The Return
Blending documentary & drama is fraught with risk. Often it ends with a confusing mishmash of styles, resulting in a thoroughly unpleasant aesthetic assemblage, leaving you questioning the real and exaggerating the unreal.
However, when done right as in Malene Choi’s The Return, documentary & drama are interwoven almost seamlessly (no one’s that good), using the real footage to enhance the poignancy of the fictionalised narrative.
The subject of The Return lends itself well to this style. The fictional narrative sees Karoline (Karoline Sofie Lee), a Korean given away at birth and eventually adopted in Denmark, search for her biological parents. As she searches she meets Thomas (Thomas Hwan), who is in an identical situation, and strikes up a kinship. The two support each other and other members of the Korean diaspora as they attempt to find a connection with a country and people that they know little about.

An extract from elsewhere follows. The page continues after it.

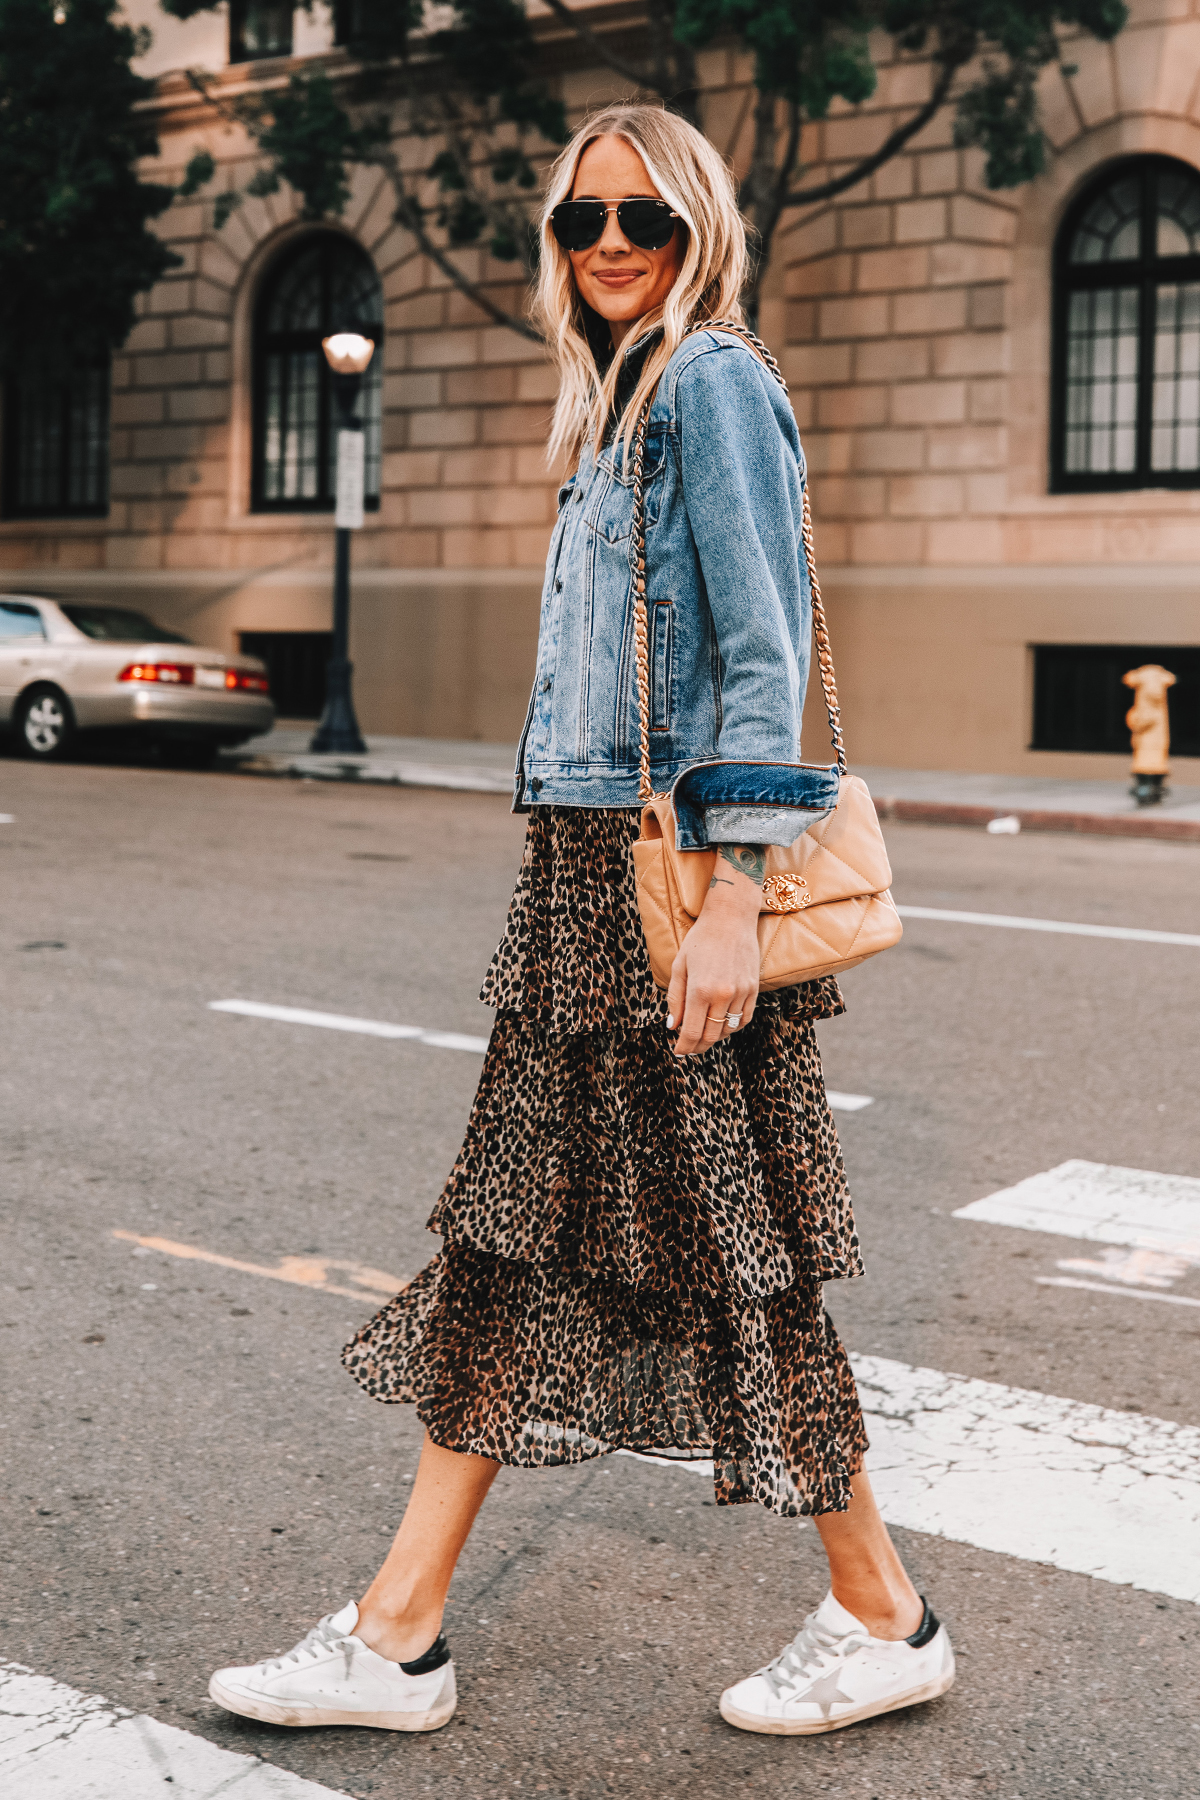 Fashion Jackson Wearing Denim Jacket Topshop Leopard Tiered Midi Skirt Golden Goose Sneakers Chanel 19 Handbag

Karoline and Thomas’s conversations with real adoptees are often incredibly moving, with an openness and honesty that can be near impossible to write. It is this mix of styles along with Choi’s visually arresting filmmaking that mean The Return is a worthy watch. Choi’s camera can be playful, quick edits reveal snapshots of places or things that at first seem to have no connection before eventually falling delicately into place. The haunting imagery is awash with metaphors as these abandoned souls desperately try to find a sense of home in a far off land.
The Parting Glass
There is a certain brand of ‘American Indy’ film that hits all the beats, rarely surprises, is occasionally very moving, is quirky and funny but does not really last long in the memory. A harsh statement about films that are often far more than merely competent but they overwhelmingly scream their earnestness at you. The Parting Glass falls pretty squarely into this category.
It’s a good film, Denis O’Hare has written it from his own deeply troubling experience of losing his younger sister to suicide. There are genuine moments of excruciating sadness where his undeniable talent bursts off the screen. A star studded cast provide great support. Anna Paquin as the deceased sister is rarely seen in unblocked view but this only makes her late-on full reveal the more heartbreaking.
Melissa Leo and Cynthia Nixon as his older sisters are solid. Edward Asner as his father provides the right amount of gruff but gentle hearted stoicism. Rhys Ifans occasionally steals the show as O’Hare’s deceased sister’s ostracised husband. The family are all aware of her intentions to leave him and Ifans projects a deep sorrow that is criminally under-explored.
Through a series of diner dinners and long drives O’Hare explores the family as they make their way to the departed sister’s apartment to collect her things. The dialogue is natural, the pace just about right if a little on the slow side and True Blood’s Stephen Moyer does a decent job of putting it all together.
Wait, this sounds like a very good film. That’s right, it is a good film, it’s just hard to shake the feeling you’ve seen it before, even when it’s trying its hardest to stand out.
Calibre
The rise of video on demand and online streaming services has undeniably has a detrimental effect on cinema audience numbers. Though there are positives and negatives, it is sometimes hard to watch the growth of these platforms that hurting the medium I so love.
It makes it harder to hate them when they produce moments of real quality. Netflix, one of the early antagonists, has been getting pretty good at this. With Calibre, a Netflix produced film that will never be fully released in cinemas, they have written another line in the obituary of the screen it should have been on, the one of silver.
That may be a bit dramatic but Calibre is far too good a film to only be seen at home. It is a taught and tense tale of desperation and guilt. Jack Lowden & Martin McCann are so natural together that you feel they could have been friends for years as they play old school friends embarking on a hunting trip. Vaughn (Lowden) is soon to be a father and this is one last chance for the boys to be boys.
He and Marcus (McCann) go deer stalking in the Scottish Highlands but on the first day, a terrible accident results in the two frantically trying to cover their tracks and keep a frightening secret from the villagers.
Though this tale of deer hunting is no Deerhunter, through lovely long scenes Matt Palmer creates a film laced with natural flowing dialogue and intensity. Far from a generic thriller, the low doses of action are all the more exquisite for the fully developed interludes and well drawn characters. In a genre that so often defers to the ridiculous, Palmer and his leads keep the lid on it, the hammer blows strike harder on these characters with whom you empathise.
Though far from perfect, it is a film that makes you sit up and take note. I feel honoured to have watched it in a dark room on a screen the size of a gable end, where it so deserves to be seen.